## [Task statement]
Between the line containing "Toads Hd Wallpaper 4k For Pc" and the line containing "April 29, 2020: Homeless" lies a run of lines; give that run again exactly, with both of those lines, and nothing else from the entries below.
━━━━━ Task inputs ━━━━━
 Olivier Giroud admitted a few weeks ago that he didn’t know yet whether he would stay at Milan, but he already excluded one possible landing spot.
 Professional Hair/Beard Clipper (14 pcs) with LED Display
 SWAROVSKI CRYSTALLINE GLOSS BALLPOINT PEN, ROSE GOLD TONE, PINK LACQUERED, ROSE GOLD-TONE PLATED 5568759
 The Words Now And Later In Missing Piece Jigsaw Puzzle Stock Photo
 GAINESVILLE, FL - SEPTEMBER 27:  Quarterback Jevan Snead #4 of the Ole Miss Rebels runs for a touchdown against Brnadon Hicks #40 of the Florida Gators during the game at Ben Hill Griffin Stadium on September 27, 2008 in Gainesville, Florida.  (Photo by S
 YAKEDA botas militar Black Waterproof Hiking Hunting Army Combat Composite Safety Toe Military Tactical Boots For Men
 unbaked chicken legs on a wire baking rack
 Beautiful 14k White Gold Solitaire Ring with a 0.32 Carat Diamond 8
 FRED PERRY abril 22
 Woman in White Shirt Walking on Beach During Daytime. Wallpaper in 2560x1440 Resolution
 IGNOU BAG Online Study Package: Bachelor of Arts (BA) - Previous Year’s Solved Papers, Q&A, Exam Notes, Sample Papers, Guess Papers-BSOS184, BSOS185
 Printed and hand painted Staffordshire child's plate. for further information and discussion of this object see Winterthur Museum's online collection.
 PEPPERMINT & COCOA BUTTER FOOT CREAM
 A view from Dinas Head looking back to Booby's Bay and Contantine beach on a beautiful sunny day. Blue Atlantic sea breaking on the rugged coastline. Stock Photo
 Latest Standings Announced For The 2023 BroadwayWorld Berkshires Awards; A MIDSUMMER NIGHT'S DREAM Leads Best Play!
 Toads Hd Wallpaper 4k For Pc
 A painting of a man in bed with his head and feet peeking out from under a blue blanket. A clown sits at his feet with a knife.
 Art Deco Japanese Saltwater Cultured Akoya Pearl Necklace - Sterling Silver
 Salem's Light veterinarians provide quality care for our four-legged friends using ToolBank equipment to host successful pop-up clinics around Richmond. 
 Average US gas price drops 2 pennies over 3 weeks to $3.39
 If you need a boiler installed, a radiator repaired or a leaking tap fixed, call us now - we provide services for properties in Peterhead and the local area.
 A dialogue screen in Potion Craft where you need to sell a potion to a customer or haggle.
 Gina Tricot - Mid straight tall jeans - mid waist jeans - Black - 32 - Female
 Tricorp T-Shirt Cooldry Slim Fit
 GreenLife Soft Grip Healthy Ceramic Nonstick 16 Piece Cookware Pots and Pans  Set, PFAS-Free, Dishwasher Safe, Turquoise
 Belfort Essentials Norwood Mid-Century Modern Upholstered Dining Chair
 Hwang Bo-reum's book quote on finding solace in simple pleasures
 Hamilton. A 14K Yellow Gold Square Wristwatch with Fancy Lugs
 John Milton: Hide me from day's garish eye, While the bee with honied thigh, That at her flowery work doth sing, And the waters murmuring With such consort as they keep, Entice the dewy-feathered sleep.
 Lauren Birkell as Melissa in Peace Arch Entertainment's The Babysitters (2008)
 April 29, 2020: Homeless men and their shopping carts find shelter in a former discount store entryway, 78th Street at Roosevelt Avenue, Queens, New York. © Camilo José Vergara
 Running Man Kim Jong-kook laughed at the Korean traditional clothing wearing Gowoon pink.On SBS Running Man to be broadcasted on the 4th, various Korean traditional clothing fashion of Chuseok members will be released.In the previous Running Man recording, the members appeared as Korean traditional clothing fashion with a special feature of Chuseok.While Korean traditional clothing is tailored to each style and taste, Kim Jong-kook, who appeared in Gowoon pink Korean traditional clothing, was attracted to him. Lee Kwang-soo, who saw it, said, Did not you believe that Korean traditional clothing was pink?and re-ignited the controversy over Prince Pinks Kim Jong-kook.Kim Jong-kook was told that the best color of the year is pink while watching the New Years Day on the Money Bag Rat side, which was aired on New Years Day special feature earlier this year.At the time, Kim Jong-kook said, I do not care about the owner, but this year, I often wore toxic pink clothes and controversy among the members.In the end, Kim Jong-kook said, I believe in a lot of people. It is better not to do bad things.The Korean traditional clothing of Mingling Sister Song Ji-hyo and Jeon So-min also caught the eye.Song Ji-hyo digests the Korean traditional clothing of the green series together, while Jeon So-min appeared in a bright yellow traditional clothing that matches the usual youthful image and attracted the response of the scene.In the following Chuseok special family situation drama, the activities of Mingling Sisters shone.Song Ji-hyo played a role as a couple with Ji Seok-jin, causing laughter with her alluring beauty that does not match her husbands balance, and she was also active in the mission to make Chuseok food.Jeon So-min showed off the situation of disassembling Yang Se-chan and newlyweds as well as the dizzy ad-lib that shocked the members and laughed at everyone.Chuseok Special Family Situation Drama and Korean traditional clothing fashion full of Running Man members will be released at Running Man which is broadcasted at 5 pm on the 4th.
━━━━━
## [Worked solution]
 Toads Hd Wallpaper 4k For Pc
 A painting of a man in bed with his head and feet peeking out from under a blue blanket. A clown sits at his feet with a knife.
 Art Deco Japanese Saltwater Cultured Akoya Pearl Necklace - Sterling Silver
 Salem's Light veterinarians provide quality care for our four-legged friends using ToolBank equipment to host successful pop-up clinics around Richmond. 
 Average US gas price drops 2 pennies over 3 weeks to $3.39
 If you need a boiler installed, a radiator repaired or a leaking tap fixed, call us now - we provide services for properties in Peterhead and the local area.
 A dialogue screen in Potion Craft where you need to sell a potion to a customer or haggle.
 Gina Tricot - Mid straight tall jeans - mid waist jeans - Black - 32 - Female
 Tricorp T-Shirt Cooldry Slim Fit
 GreenLife Soft Grip Healthy Ceramic Nonstick 16 Piece Cookware Pots and Pans  Set, PFAS-Free, Dishwasher Safe, Turquoise
 Belfort Essentials Norwood Mid-Century Modern Upholstered Dining Chair
 Hwang Bo-reum's book quote on finding solace in simple pleasures
 Hamilton. A 14K Yellow Gold Square Wristwatch with Fancy Lugs
 John Milton: Hide me from day's garish eye, While the bee with honied thigh, That at her flowery work doth sing, And the waters murmuring With such consort as they keep, Entice the dewy-feathered sleep.
 Lauren Birkell as Melissa in Peace Arch Entertainment's The Babysitters (2008)
 April 29, 2020: Homeless men and their shopping carts find shelter in a former discount store entryway, 78th Street at Roosevelt Avenue, Queens, New York. © Camilo José Vergara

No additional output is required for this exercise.